Jakob Hein ist 17 und schon jetzt ein begnadeter Schlagzeuger. Vor neun Jahren saß er das erste Mal auf dem Hocker zwischen Snaredrum und Ridebecken. Zuhause lernte er zunächst auf Kochtöpfen, heute spielt Jakob unter anderem für das Jugendjazzorchester NRW und das East-West-European-Jazz-Orchester. Ausgebildet wird der Abiturient aus Unna an der Glen Busch Jazzakademie in Dortmund. Diese arbeitet mit dem domicil zusammen. Die Monday Night Session bietet aber nicht nur den Musiker*innen der Akademie eine Möglichkeit zum Jammen.

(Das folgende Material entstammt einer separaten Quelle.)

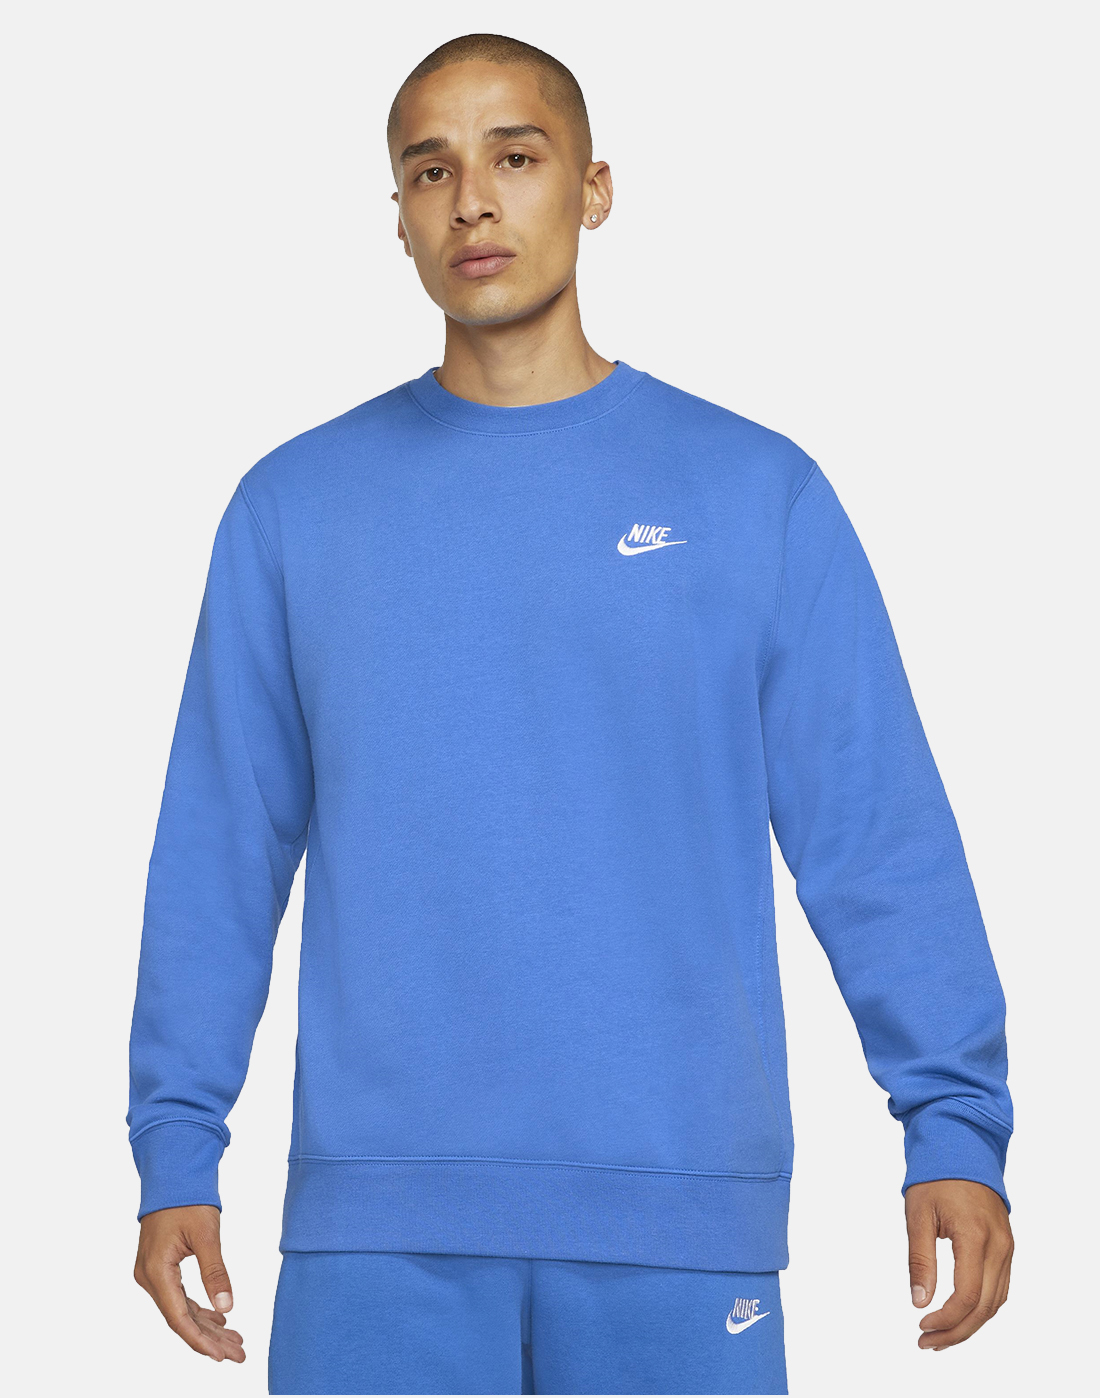 Nike Mens Club Fleece Crew Neck Sweatshirt - Blue | Life Style Sports UK

Bevor alle Musiker*innen die Bühne betreten, beginnt der Abend mit dem Opener. Heute sind Jakob und seine Freunde aus der Akademie dran. Der Bass strömt durch den Verstärker und füllt den kleinen Raum. Die Wände sind schwarz gestrichen, die Fenster verdunkelt. Tageslicht sieht hier niemand. Links neben dem Eingang befindet sich ein kleiner Tresen. Lediglich ein großer Spiegel im Regal reflektiert das Licht auf der einen Seite des Raumes. Orange und violett leuchtet es aus den Scheinwerfern, die über der kleinen Bühne an Traversen hängen. Die Spielfläche erinnert eher an eine kleine Erhebung als an eine wirkliche Bühne. Vor ihr stehen fünf kleine runde Tische, an denen bereits die ersten Personen sitzen. Ein älteres Ehepaar ist zuerst da. Ein paar Minuten später setzt sich eine Gruppe junger Menschen neben sie. Ein sechster Tisch steht weiter hinten. Auf ihm steht ein kleines Soundpult. Bedient wird es von einem jungen Mann – volltätowiert mit Vokuhila. Wären die Outfits der Menschen nicht so modern und wäre der Raum nicht frei von Nikotinschwaden, man könnte meinen, dass sich diese Szenerie in einem kleinen Keller der 1950er abspielt.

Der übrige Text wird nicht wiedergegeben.